_Data section_.
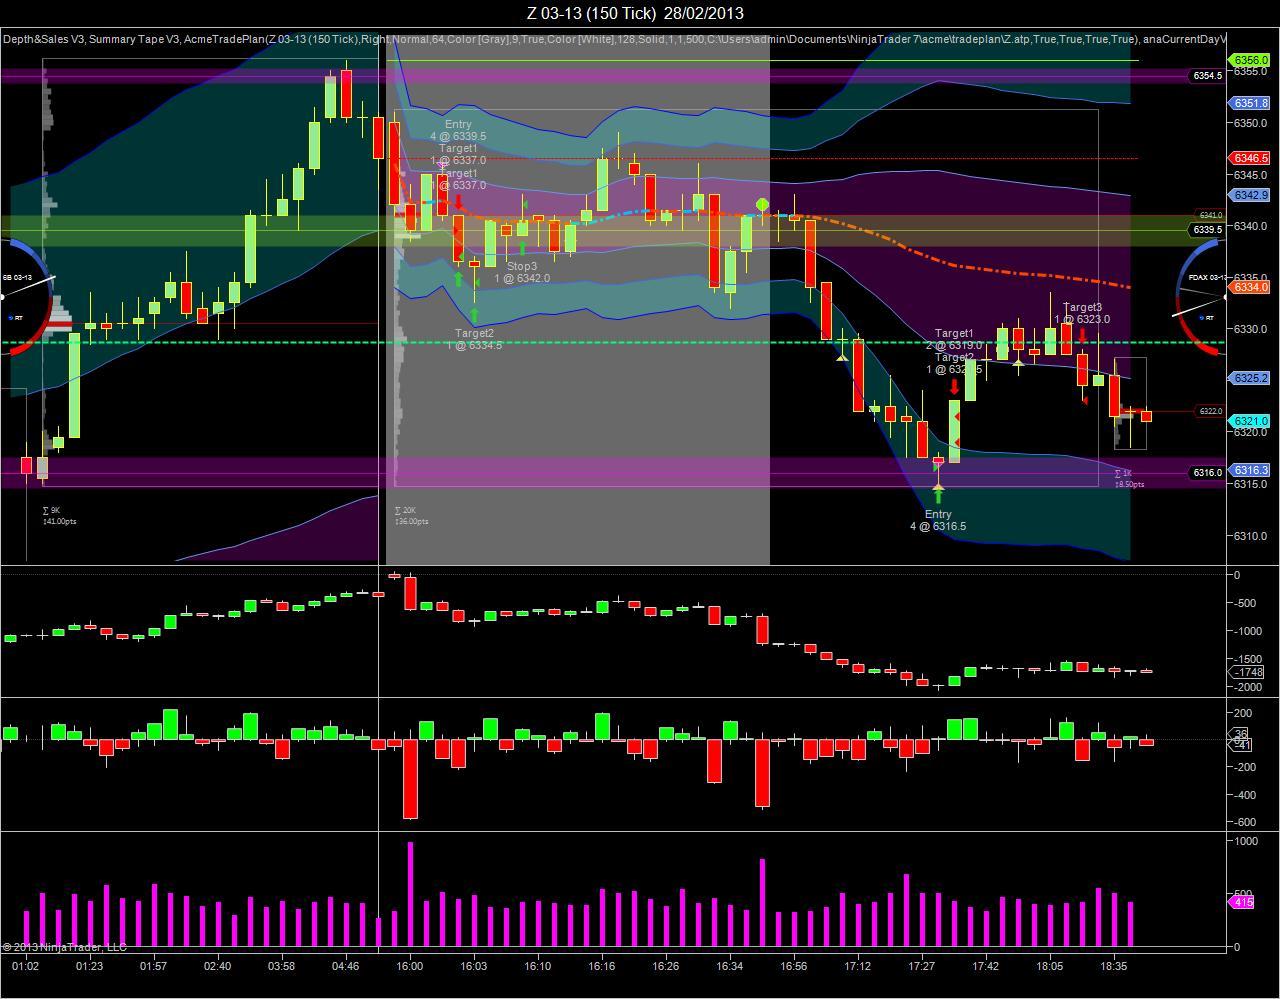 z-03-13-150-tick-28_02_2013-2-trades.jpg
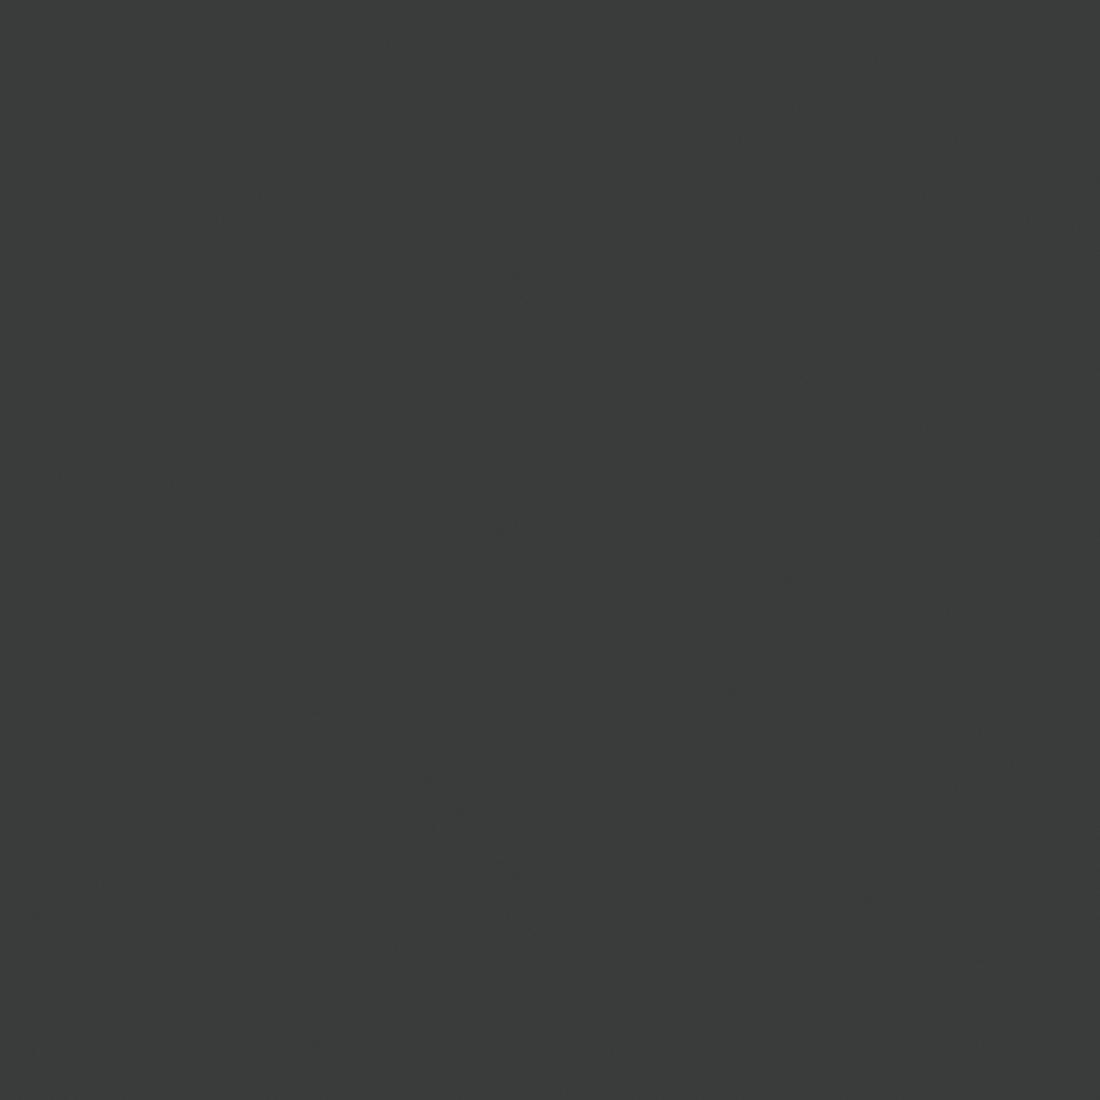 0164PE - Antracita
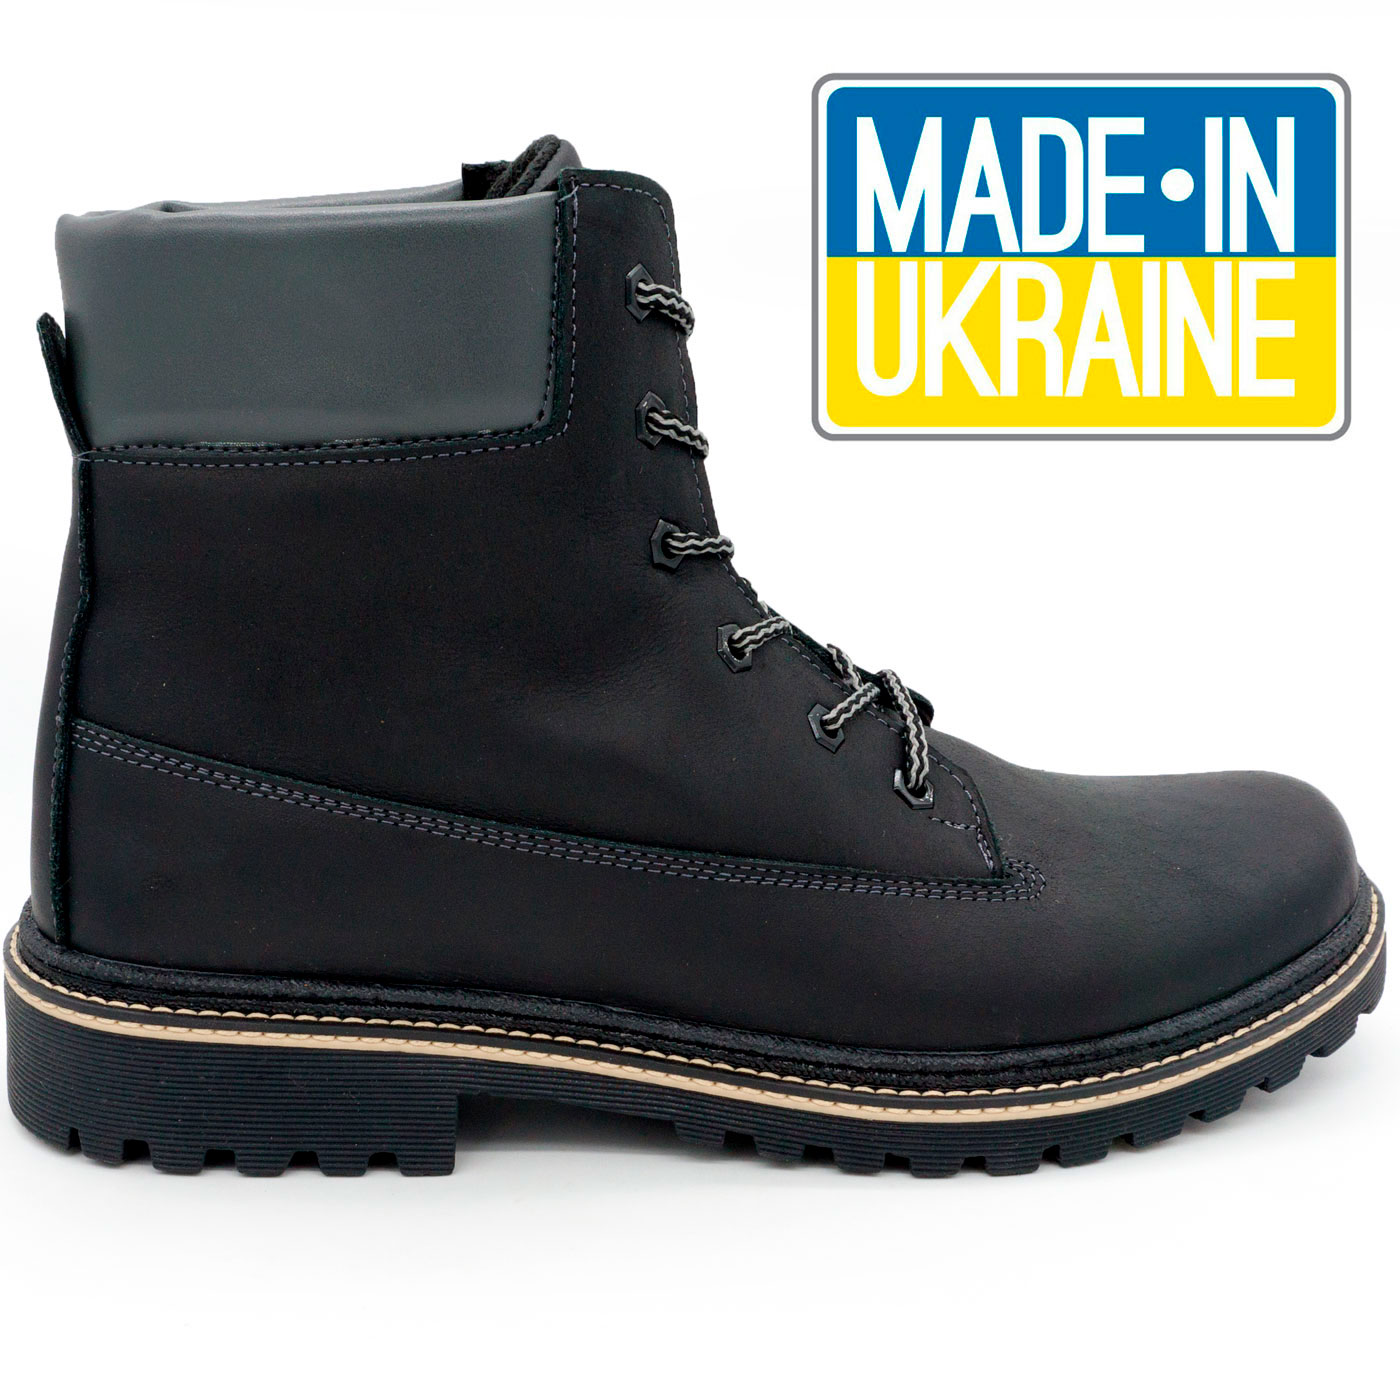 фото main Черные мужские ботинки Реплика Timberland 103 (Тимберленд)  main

_Goal of the exercise_. Would you restate word for word only the lines from the line with "0164PE - Antracita" to the last line above, with the pictures left out?

_Answer section_.
 0164PE - Antracita
 фото main Черные мужские ботинки Реплика Timberland 103 (Тимберленд)  main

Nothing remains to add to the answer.